During that time, enrolled members of the Osage Indian nation were among the wealthiest people per capita in the world. The rich oil fields beneath their reservation brought millions of dollars into the tribe annually, distributed to tribal members holding "headrights" that could not be bought or sold but only inherited. This vast wealth attracted the attention of unscrupulous whites who found ways to divert it to themselves by marrying Osage women or by having Osage declared legally incompetent so the whites could fleece them through the administration of their estates.
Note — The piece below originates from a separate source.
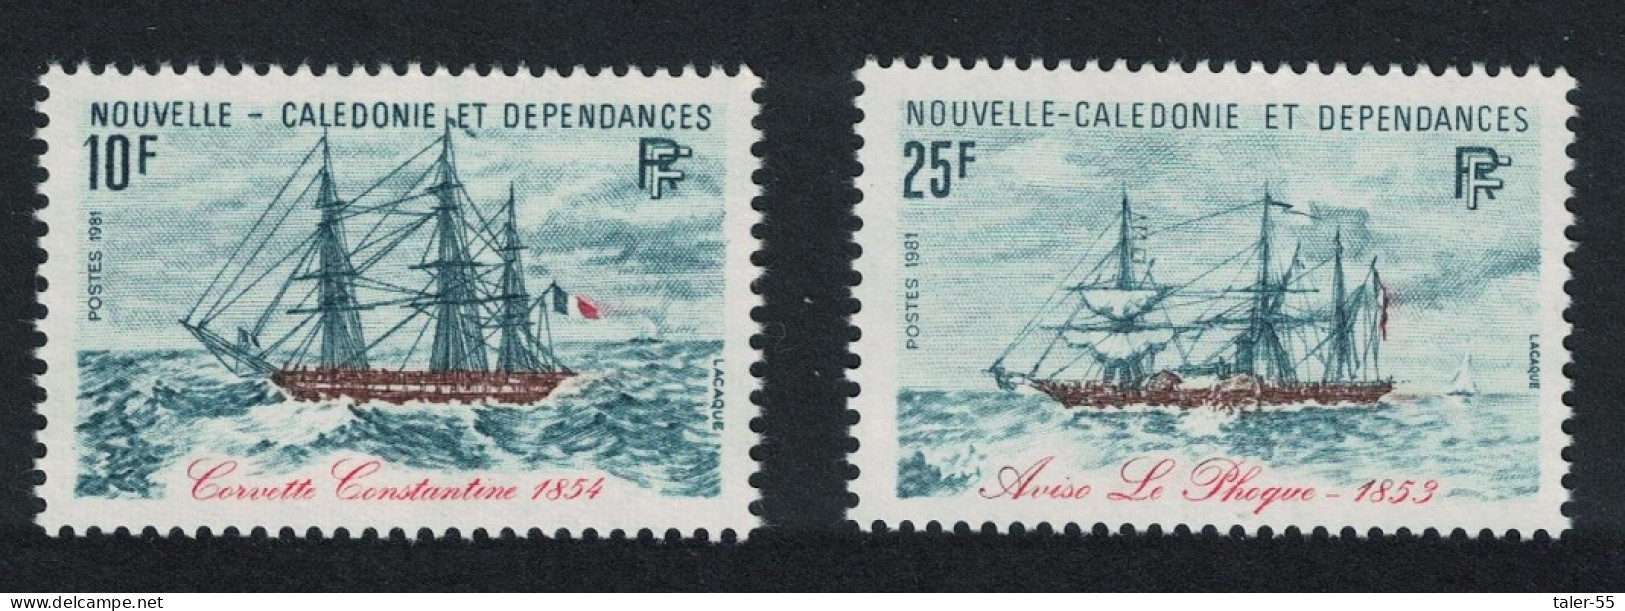 New Caledonia Ships Sail 'Corvette Constantine' Paddle-gunboat 1981 MNH SG#659-660 - Unused Stamps

For some, however, these deceptive tactics were not enough, and a plague of violent death—by shooting, poison, orchestrated automobile accident, and bombing—began to decimate the Osage in what they came to call the "Reign of Terror." Corrupt and incompetent law enforcement and judicial systems ensured that the perpetrators were never found or punished until the young J. Edgar Hoover saw cracking these cases as a means of burnishing the reputation of the newly professionalized FBI. Bestselling New Yorker staff writer Grann (The Devil and Sherlock Holmes: Tales of Murder, Madness, and Obsession, 2010, etc.) follows Special Agent Tom White and his assistants as they track the killers of one extended Osage family through a closed local culture of greed, bigotry, and lies in pursuit of protection for the survivors and justice for the dead. But he doesn't stop there; relying almost entirely on primary and unpublished sources, the author goes on to expose a web of conspiracy and corruption that extended far wider than even the FBI ever suspected. This page-turner surges forward with the pacing of a true-crime thriller, elevated by Grann's crisp and evocative prose and enhanced by dozens of period photographs.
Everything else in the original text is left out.